To evaluate variation in FA among N. trispinosa in the absence of any designated manipulation, and to evaluate the relationship between population genetic structure and FA, we collected a further 20–30 nymphs from both experimental and control channels as well as four additional sites (Fig. 1, sites 2–5). Additional sites were of similar habitats (cold-water springs) varying in distance from Valley Spring (1, 40, 150 and 250 km, respectively). Collections were made at similar distances from the spring’s sources (within 10 m), and thus thermal regimes (including annual and diurnal ranges) were expected to be similar (for detailed temperature records at site 1, see Hogg & Williams 1996). Qualitative estimates of temperature suggested that the more northerly locations (sites 4 and 5) may have had slightly (e.g. < 1 °C) cooler mean annual temperatures. Individuals from sites 1–4 were retained for the genetic analysis (see below).

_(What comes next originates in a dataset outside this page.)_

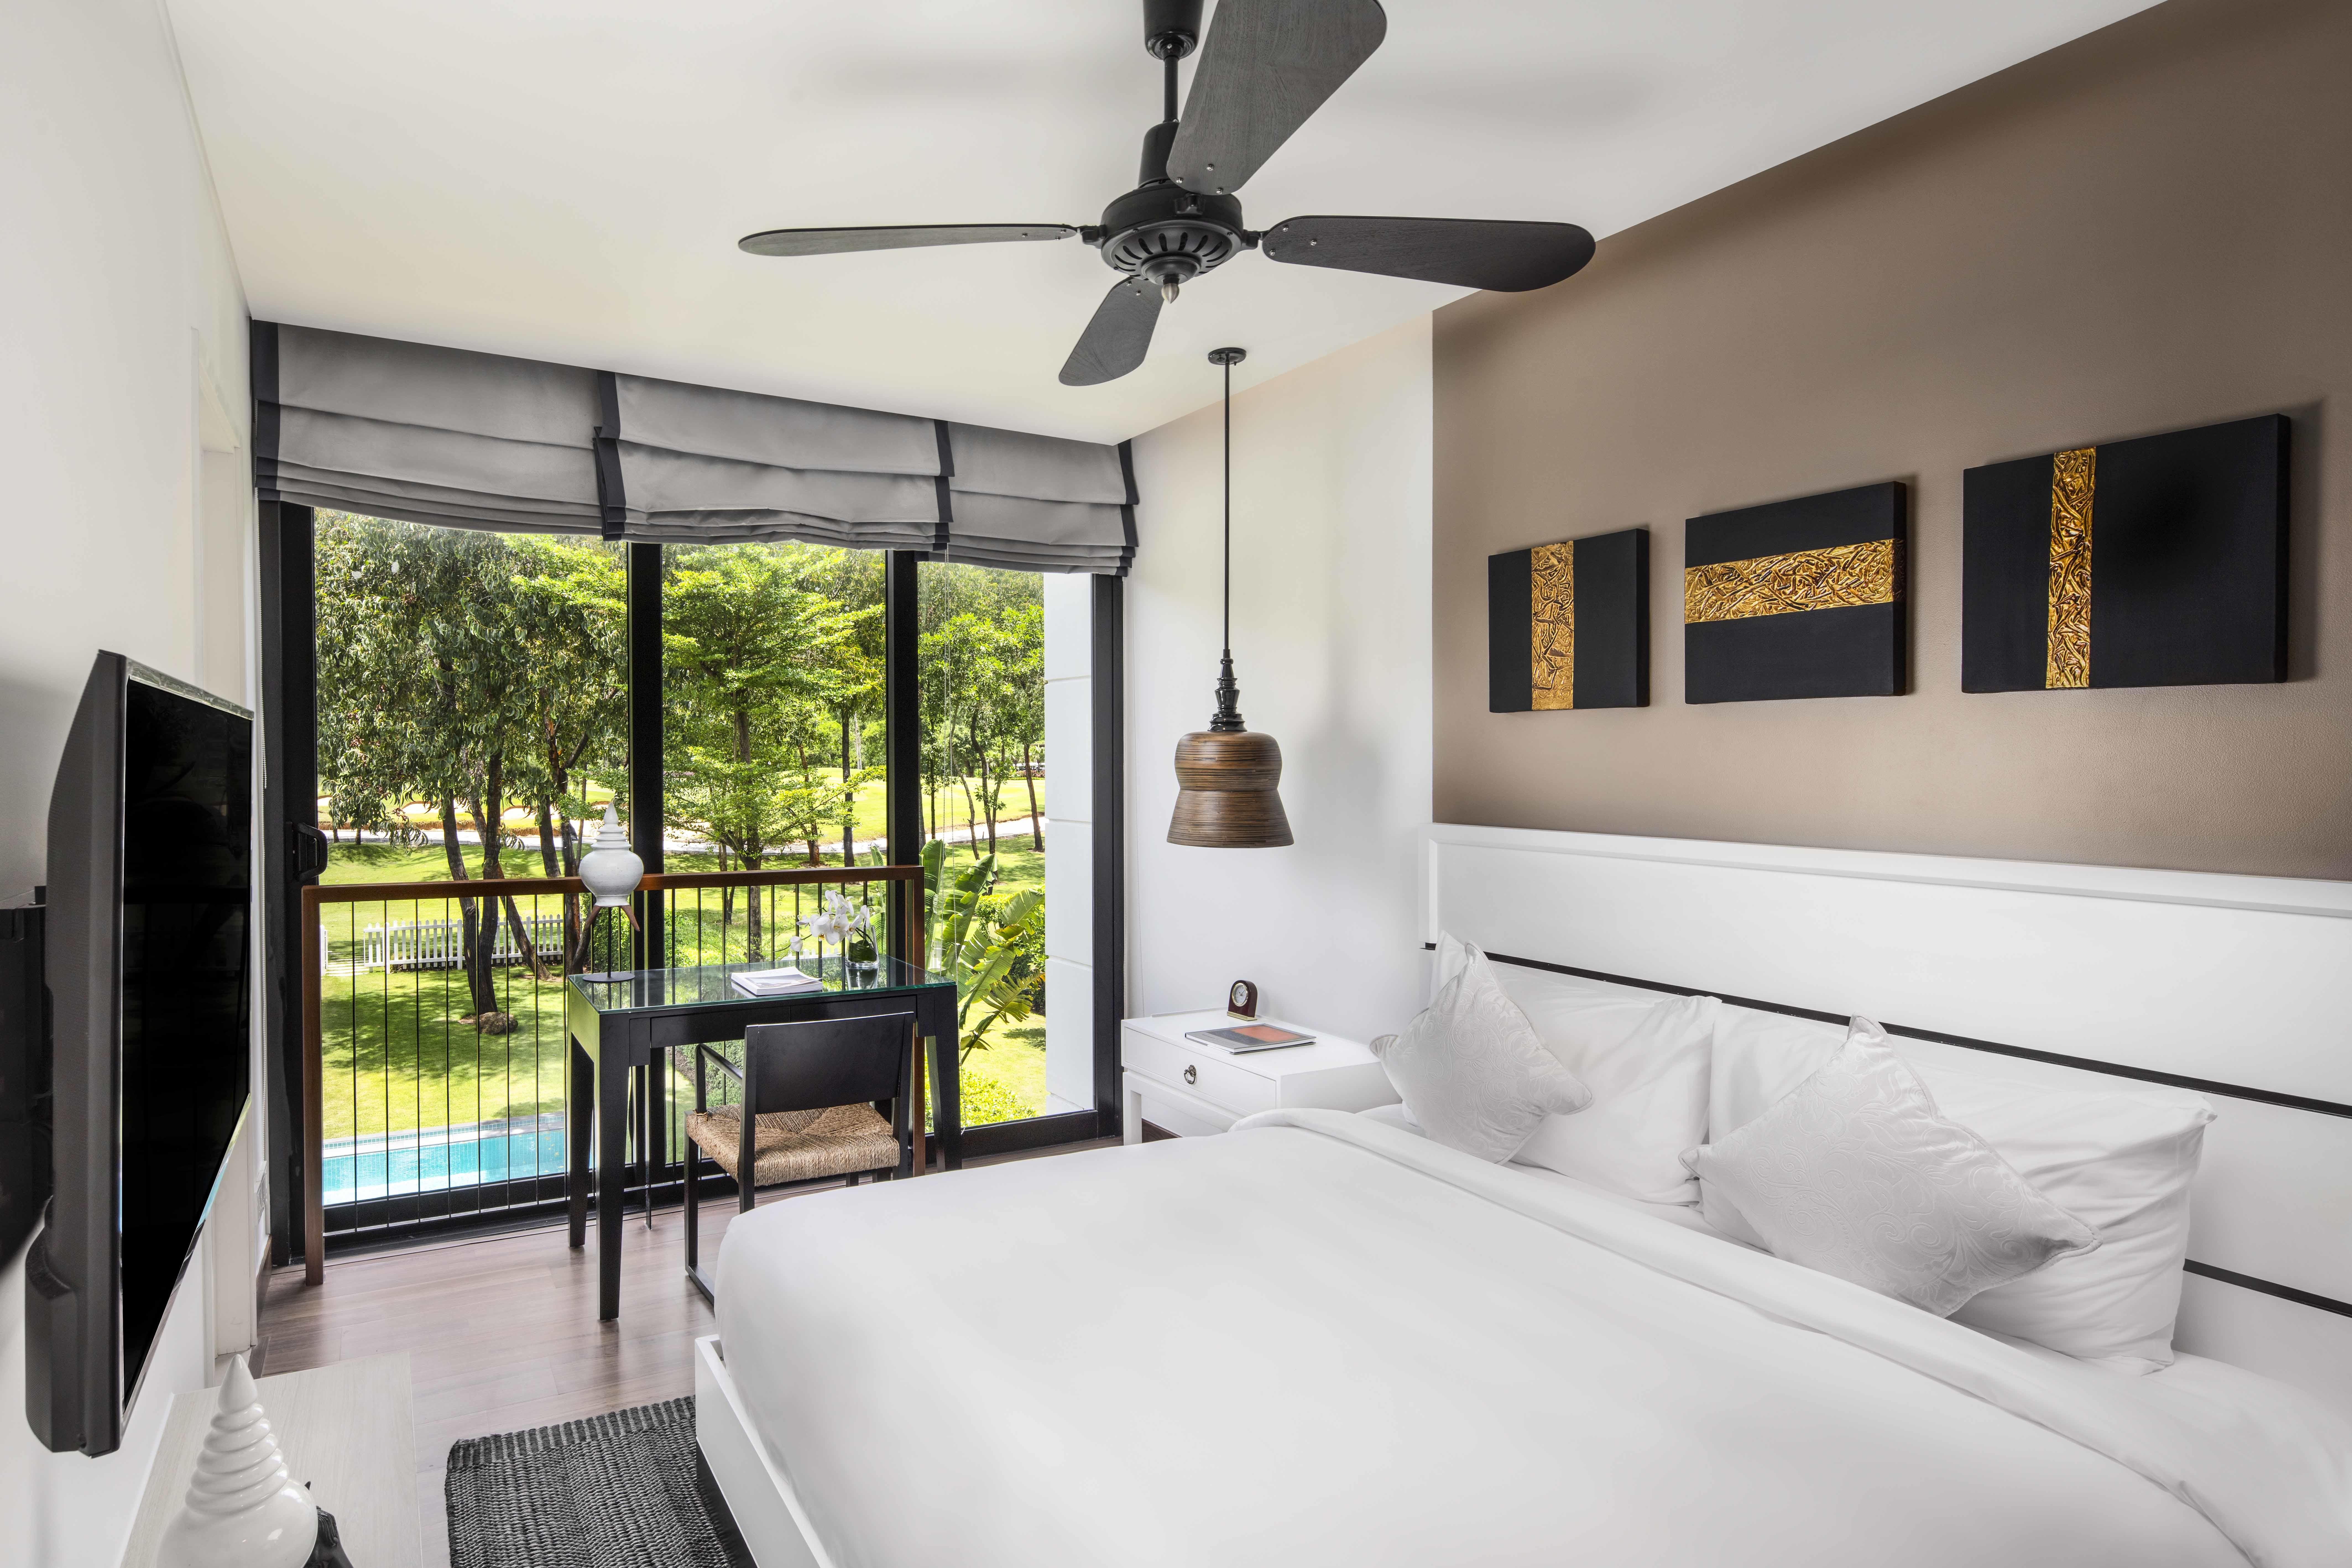 Three-bedroom Pool Towhouse

ANALYSIS OF FLUCTUATING ASYMMETRY

To assess FA, we used the numbers of spines located on the anterior margin of the third tarsal segment of each leg (Fig. 2). Selection of this feature was based on: (i) previous studies that had successfully used similar (meristic) measures to demonstrate a relationship between FA and environmental conditions (Clarke, Brand & Whitten 1986; Clarke & McKenzie 1992; Leary, Allendorf & Knudsen 1992); and (ii) our own preliminary investigation showing that the spines were easily counted (range 12–22), variable in number both within and between individuals, and robust, with easily discernible follicles (Fig. 2), such that any damage due to handling would not bias our measures. Furthermore, removal of legs from the frozen animals would permit immediate processing of the specimen for allozyme analysis (see below). We focused solely on meristic measures for our comparison of control and experimental channels to avoid problems of measurement error associated with metric measures (Clarke & McKenzie 1992). However, we caution that our reliance on a single type of trait (i.e. leg spines on each leg) was intended only to determine whether these characters could be used as simple biological indicators of stress; we did not intend our analysis to provide a thorough evaluation of all possible measures of FA (Leung & Forbes 1997).

Figure 2.

Third tarsal segment (front, left leg) of nymphal Nemoura trispinosa showing spines used as a measure of fluctuating asymmetry.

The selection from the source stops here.